Evergreen trees and shrubs add year-round greenery to your landscape and make welcome additions to your environment. There are several important factors to take into consideration before you plant. First and foremost, choose the right tree for the right location.

You’ll need to carefully consider the growing habits of the trees and shrubs you want to plant. Some grow fast, some more slowly. Consider the shape of the tree and the texture of the leaves/needles. Not all evergreens are green. Some turn yellow in spring due to new growth, some have blue needles, and some remain yellow all year. Make sure that the varieties you choose are suitable for growing in your climate and soil conditions. Check with your local nursery and garden center for advice and information of various species.


Determine the space of the area you want the evergreen to fill. Pyramid-shaped evergreens like spruce, fir, and arborvitae can cover a 30-foot circle when mature. Many loose lower branches as they mature, leaving an open area where grass may be difficult to grow. Smaller-scaled trees like upright junipers and arborvitae are excellent choices for residential lots. Shrubs may require careful spacing and planning. Some can spread up to six feet in a few years, others require pruning to keep them at the desired height and width. Remember that the faster-growing trees and shrubs are often the most vulnerable to storm damage and diseases.

Next, make sure your soil is appropriate for the type of evergreen you choose. There are certain varieties that grow better in slightly acidic soil, some that can adapt to sandy soil and some that will not tolerate heavy clay soils. In general, evergreens prefer a soil pH level under 7. Your local county extension office can help you complete an analysis with soil samples. Home soil test kits can be purchased and give you an accurate reading in as little as 20 minutes.

Because of the extreme cold winters in the upper Great Lakes region, take the cold-hardiness of the evergreen into account when selecting. Extreme temperature fluctuations can result in die-back of branch ends and browning of foliage.

Light is also a factor in choosing a location. Most evergreens prefer full sun but some can tolerate partial sun (arborvitae, balsam fir, Douglas fir), or shade (Canada hemlock, Japanese yew).

If you decide to plant your evergreens near to areas where they will be exposed to road and sidewalk salt, choose varieties that are more salt-tolerant. Examples include: common juniper, eastern red cedar, Scotch pine, jack pine, mugo pine and Ponderosa pine.

Colorado Blue Spruce are popular trees in this area but after 20 years, may suffer because of the severe winter climate. Smaller, dwarf varieties are more likely to withstand the elements.

Planting your trees

If you are looking to plant mature-sized trees, the best option is to let your nursery plant and position the trees for you. Trees planted this way are usually guaranteed for a period of time and offer a safer return on your investment than doing it yourself.

You can plant in the spring, summer or early fall. Planting as early as possible will give the tree more time to get established before the ground freezes. Early in the season, there is a much greater variety to choose from in the local nursery.
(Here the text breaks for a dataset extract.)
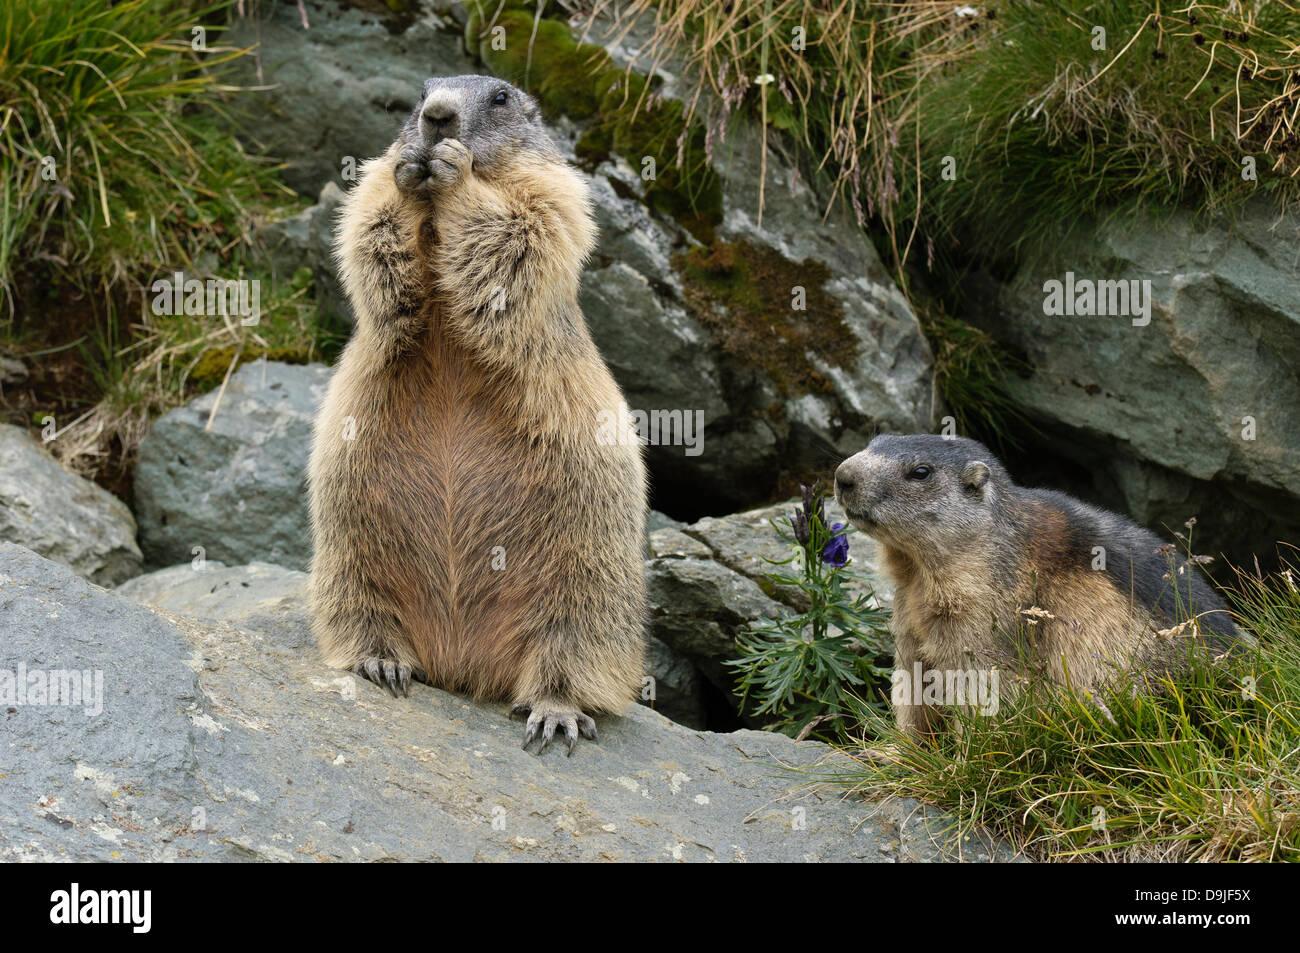 Murmeltier, Alpine Marmot, Marmota marmota Stock Photo

Planting too late in the fall is not recommended because they will not be able to take up much-needed water if the ground freezes before they have time to establish themselves. Keeping their needles year-round means that the trees lose water through the needles year-round, so watering is vital.

Make sure to call your local utility company or Digger’s Hotline before decide to dig anywhere in your landscape.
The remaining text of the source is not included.